Consultants who have been studying the Springs-Fireplace Road corridor since 2020 are recommending that East Hampton Town officials make sweeping changes to zoning rules to commercial properties along the busy and dusty roadway to substantially curtail the extent of potential future development and redevelopment.
Among the recommendations the consultants told the East Hampton Town Board would be needed to improve aesthetics, address a long list of “major headaches” and keep development from overwhelming the roadway and its surroundings would be reducing the amount of building allowed on a property, from 50 percent of the total lot area to just 15 or 20 percent, rethinking some of the allowed uses on commercial properties in the area, requiring more detailed regulatory review of commercial development, and mandating that more open space be set aside in any new subdivisions of land.
The consultants also recommended the town mount a campaign to purchase undeveloped land in the corridor for parks and open space, create bike and pedestrian paths and devise incentives for property owners to protect open spaces and buffers along Fireplace Road-fronts.
“What people experience driving down Springs-Fireplace Road … is defined by the traffic that is created by the businesses along that road,” said Peter Flinker, the head of the consulting team that conducted the three-year study and crafted the 100-page report that was presented to the town this week. “It’s going to be affected by future changes, so we tried to estimate what those would be.”
The study looked at conditions along Springs-Fireplace Road south of its intersection with Abrahams Path — a stretch defined by industrial and light industrial uses, including two sand mines, the town dump and Highway Department yard and a broad variety of businesses scattered with residential homes, few of either shielded from the roadway, or vice-versa.
There are more than 275 acres of land zoned for commercial and light industrial uses along the roadway, Flinker noted, about 182 separate parcels in all.
The most prominent property, both currently and in the forward-looking crystal ball the consultants applied, is the Bistrian family’s two sand and gravel mines on the roadway’s western side — which makes up the bulk of the total acreage and could be subdivided into as many as 30 new lots under current zoning.
Flinker said the statistics, under current zoning, would allow for some 1.75 million square feet of new commercial development within the already congested and grungy corridor — a deluge that will need to be contained if the town has any hope of remaking the aesthetics, environmental conditions and congestion along the roadway.
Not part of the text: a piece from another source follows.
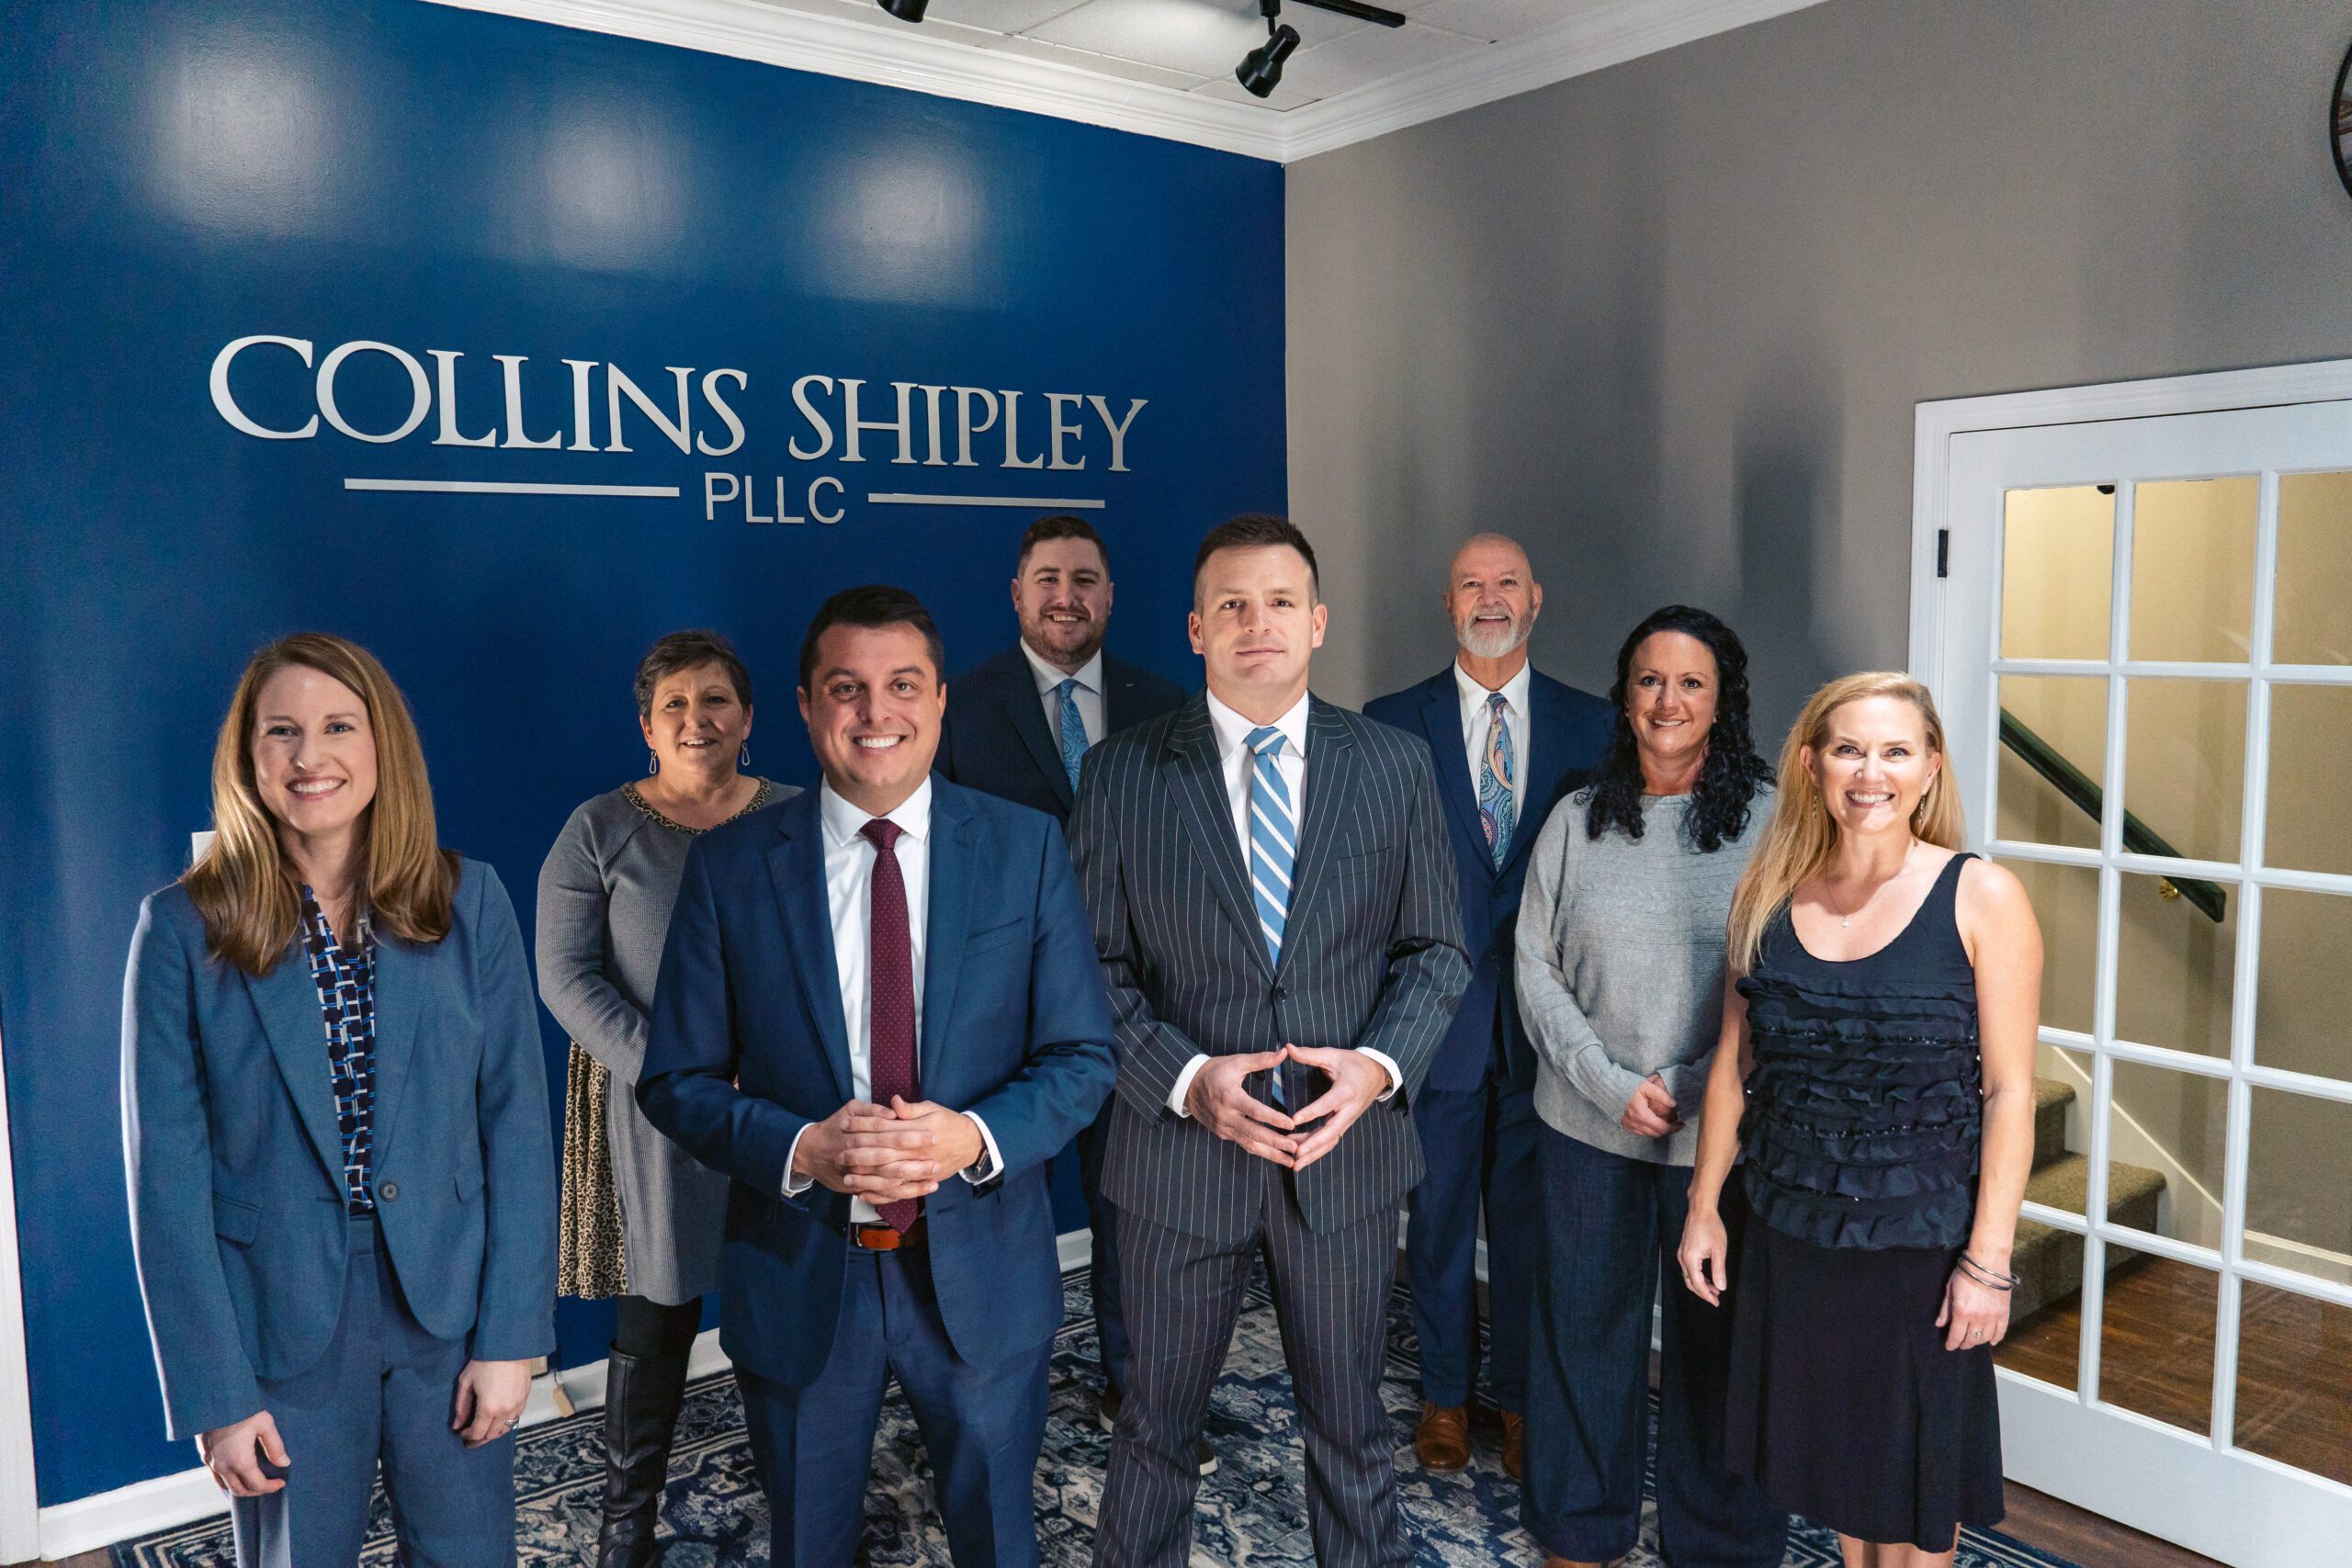 Legal team from Collins Shipley, PLLC

A 50-unit housing complex currently under construction by the East Hampton Housing Authority off Three Mile Harbor Road, the new East Hampton School District bus depot, a golf course and some small remaining farmland sites lie within the corridor study area as well.
The consultants — Flinker’s company, Dodson & Flinker, who worked with local consultants Lisa Liquori and Raymond DiBiase — said the town’s goals are to tame traffic issues, improve environmental conditions along the corridor and balance necessary growth with reducing ancillary impacts.
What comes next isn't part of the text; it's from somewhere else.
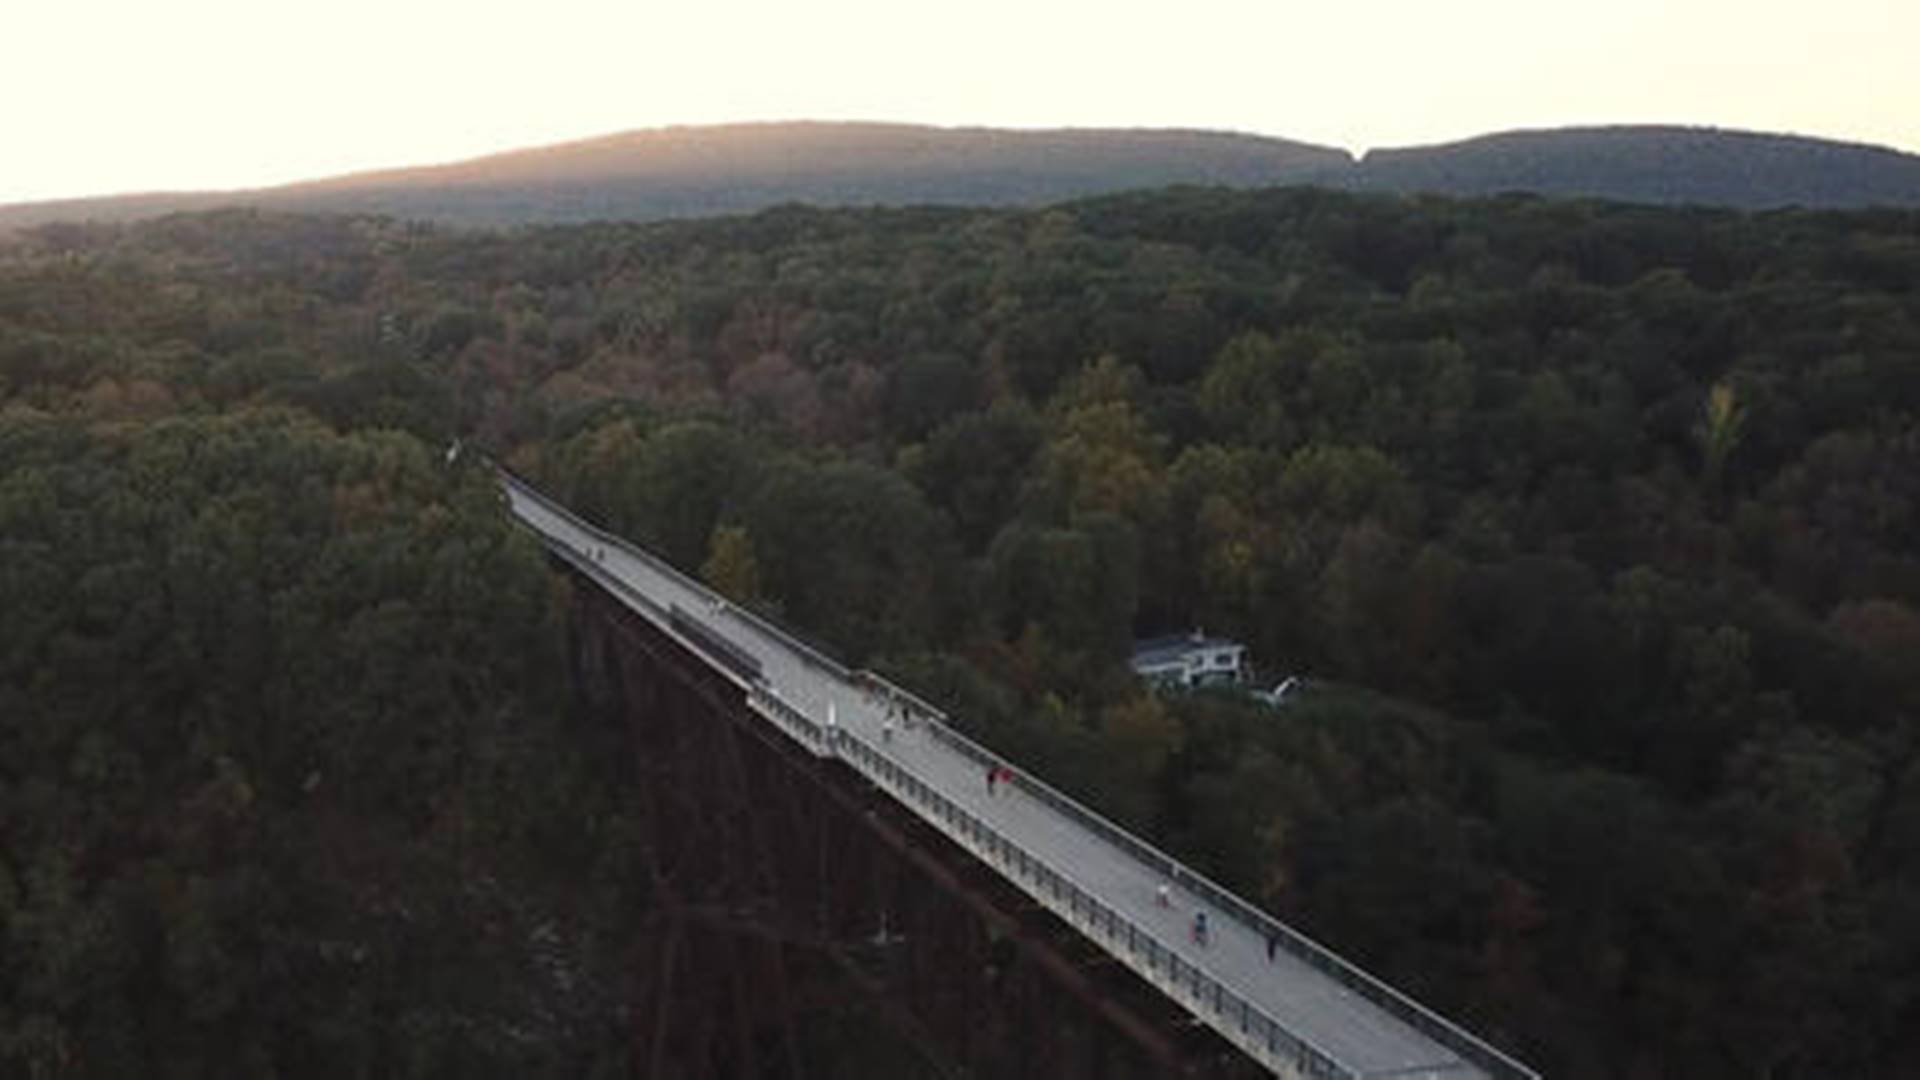 There’s a New 750-Mile Bicycle Route in New York. Take a Look - PICS and VIDEOS!

DiBiase, a traffic specialist, said that the intersection where Three Mile Harbor Road and Springs Fireplace Road converge, at the southern end of the corridor, is a crucial junction that 80 percent of the traffic passing through it uses, and must be overhauled in the near future to relieve chronic congestion.
The full report is posted on the town’s website, ehamptonny.gov, and will be the focus of discussion in the coming months.
Councilman David Lys said the consultants’ report should be sent to all of those who participated in the 2020 workshops that kicked off the study just before the COVID-19 pandemic.
He also said the town needs to be careful with how much it constrains uses of commercial properties in the corridor — because they are a rare commodity that may prove a necessity down the road.
“We’re not making more of those,” he said. “If you remove one, how are you going to replace it with one? What does the town need, not just in five years but in 50 years, 75 years? If we’d asked that 50 years ago, we might not be here now.”